Security Considerations for Artificial Intelligence Agents

Blaine Dillingham, Daniel King and Soham Mehta

March 9, 2026

The featured image for a post titled "Security Considerations for Artificial Intelligence Agents"

Today, we responded to the Center for AI Standards and Innovation's request for information on the security of AI agent systems.

Introduction

This comment responds to CAISI's request for information on the security of AI agent systems. We offer two proposals for CAISI’s consideration: 1) a standardized framework for differential access to advanced AI cyber capabilities, and 2) a technical architecture for runtime oversight, intervention, and incident reporting.
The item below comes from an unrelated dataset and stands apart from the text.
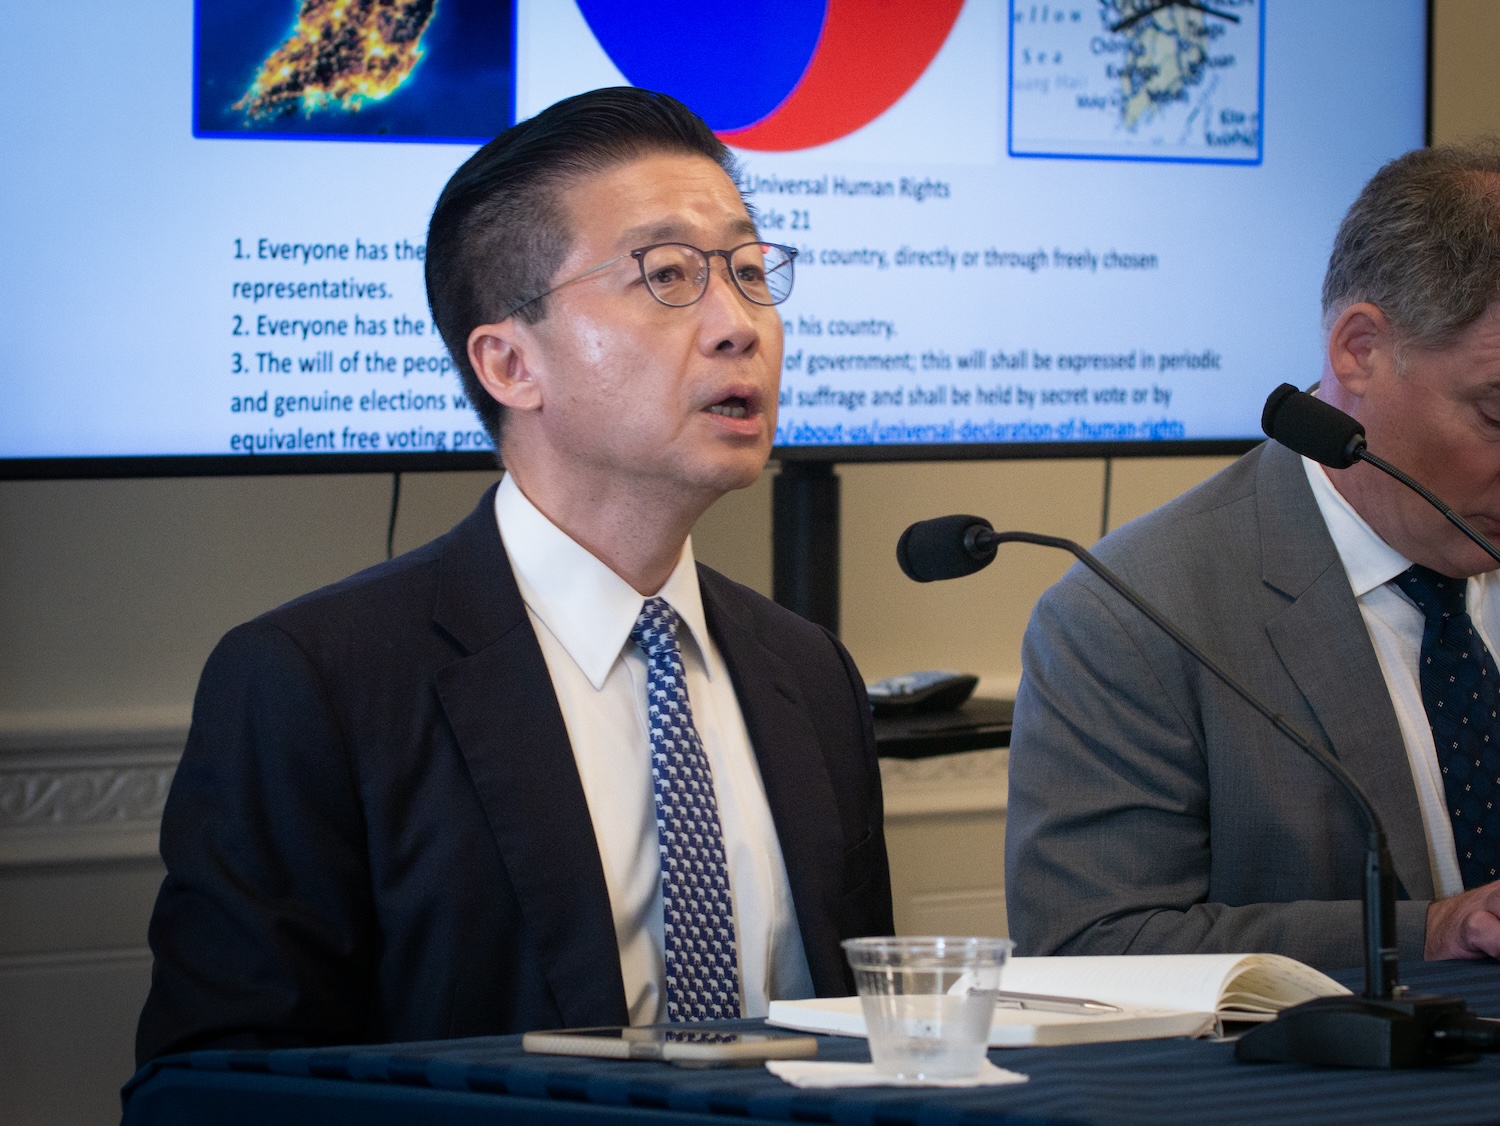 A man in a dark suit and polka dot tie speaks at an International Forum, seated next to another man in a gray suit. A presentation slide with text and images about One Korea is displayed in the background.

AI agent systems present security challenges at two distinct levels. The first is pre-deployment: determining which actors should have access to which capabilities, and under what conditions. The second is post-deployment: detecting and intervening when an agent's behavior diverges from its authorized purpose, even when its credentials are valid and its permissions were legitimately granted. Our two primary proposals address these levels respectively.

Regarding differential access, we argue that model-level behavioral restrictions are insufficient to ensure the security of highly capable agentic systems. The alternative is access control at the capability level by ensuring that the most powerful cyber capabilities are reserved for actors with the attributes to use them responsibly (e.g., traceability, expertise, and internal controls). Today this exists only as ad hoc, lab-specific programs with opaque criteria and no portability across providers. We recommend that CAISI develop a standardized credentialing framework, in response to the RFI’s questions about unique security threats due to adoption (1(c)), how technical controls can adapt in response to capability and deployment method (2(b)), and areas where government collaboration would most accelerate progress (5(a), 5(b)).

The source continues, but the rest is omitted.